Hernandez Sarah I, Berezin Casey-Tyler, Miller Katie M, Peccoud Samuel J, Peccoud Jean
Department of Chemical and Biological Engineering, Colorado State University, Fort Collins, Colorado 80523, United States of America.
ACS Synth Biol. 2024 Dec 20;13(12):4099-4109. doi: 10.1021/acssynbio.4c00539. Epub 2024 Nov 7.
Despite the wide use of plasmids in research and clinical production, the need to verify plasmid sequences is a bottleneck that is too often underestimated in the manufacturing process. Although sequencing platforms continue to improve, the method and assembly pipeline chosen still influence the final plasmid assembly sequence. Furthermore, few dedicated tools exist for plasmid assembly, especially for assembly. Here, we evaluated short-read, long-read, and hybrid (both short and long reads) assembly pipelines across three replicates of a 24-plasmid library. Consistent with previous characterizations of each sequencing technology, short-read assemblies had issues resolving GC-rich regions, and long-read assemblies commonly had small insertions and deletions, especially in repetitive regions. The hybrid approach facilitated the most accurate, consistent assembly generation and identified mutations relative to the reference sequence. Although Sanger sequencing can be used to verify specific regions, some GC-rich and repetitive regions were difficult to resolve using any method, suggesting that easily sequenced genetic parts should be prioritized in the design of new genetic constructs.
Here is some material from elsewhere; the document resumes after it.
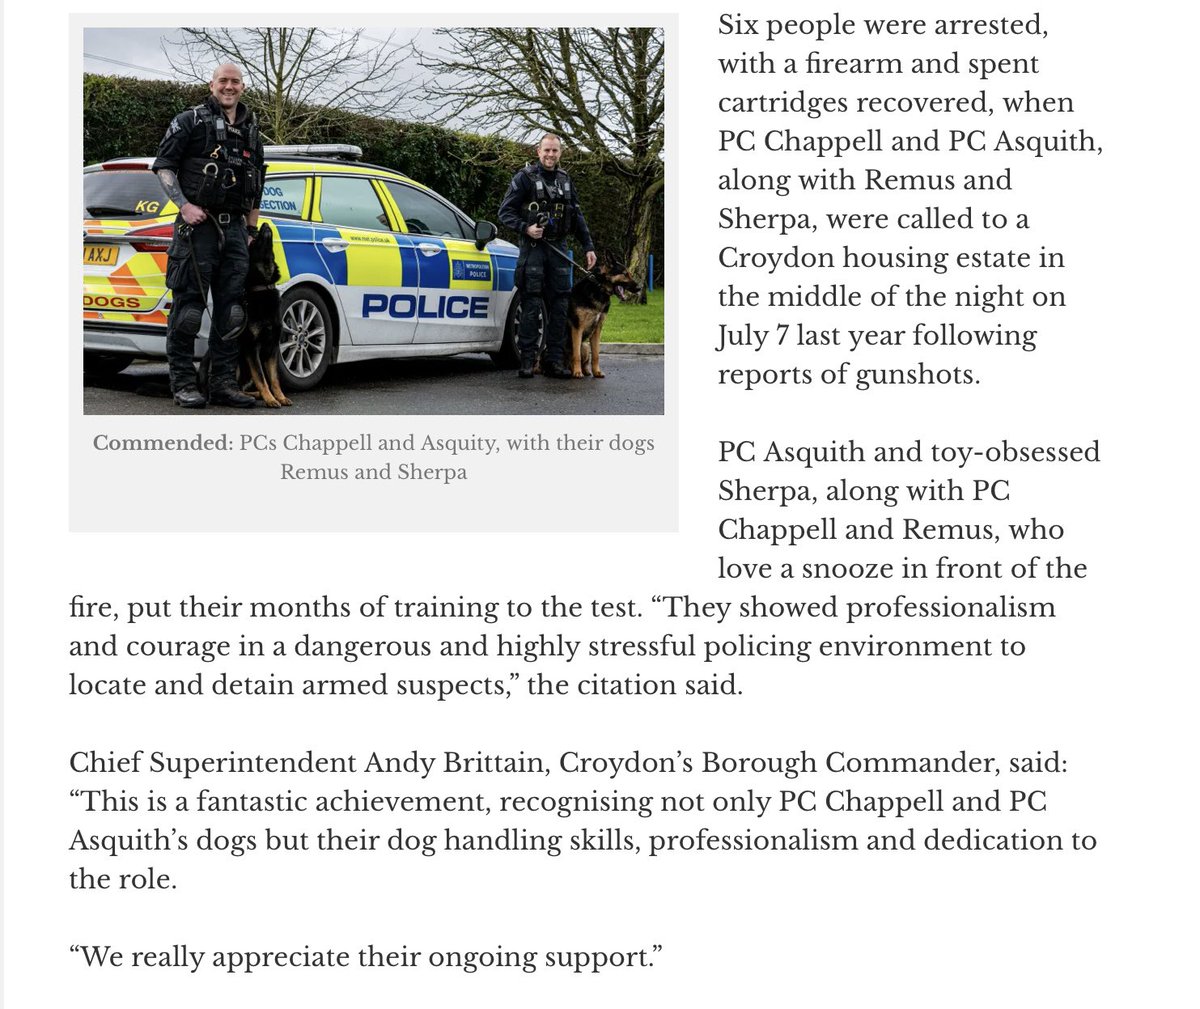 It’s always good to see awards coming from @PoliceChiefs in recognition of brilliant Dog Teams Well done PCs Chappell & Asquith + the Amazing Remus & Sherpa @MetTaskforce @lrpduk @BTPDogs @AssociationRPDs @The_NFRSA @Chappers2013 @PD_DexterWBDOG @K9memorialUk @KeoghHeath

尽管质粒在研究和临床生产中得到广泛应用,但在制造过程中,验证质粒序列的必要性往往被低估,这是一个瓶颈。尽管测序平台不断改进,但所选的方法和组装流程仍会影响最终的质粒组装序列。此外,专门用于质粒组装的工具很少,尤其是对于组装。在这里,我们在一个包含24个质粒的文库的三个重复样本中评估了短读长、长读长和混合(短读长和长读长)组装流程。与之前对每种测序技术的特征描述一致,短读长组装在解决富含GC的区域时存在问题,而长读长组装通常存在小的插入和缺失,特别是在重复区域。混合方法有助于生成最准确、一致的组装结果,并识别相对于参考序列的突变。虽然桑格测序可用于验证特定区域,但使用任何方法都难以解析一些富含GC和重复的区域,这表明在设计新的基因构建体时应优先考虑易于测序的遗传元件。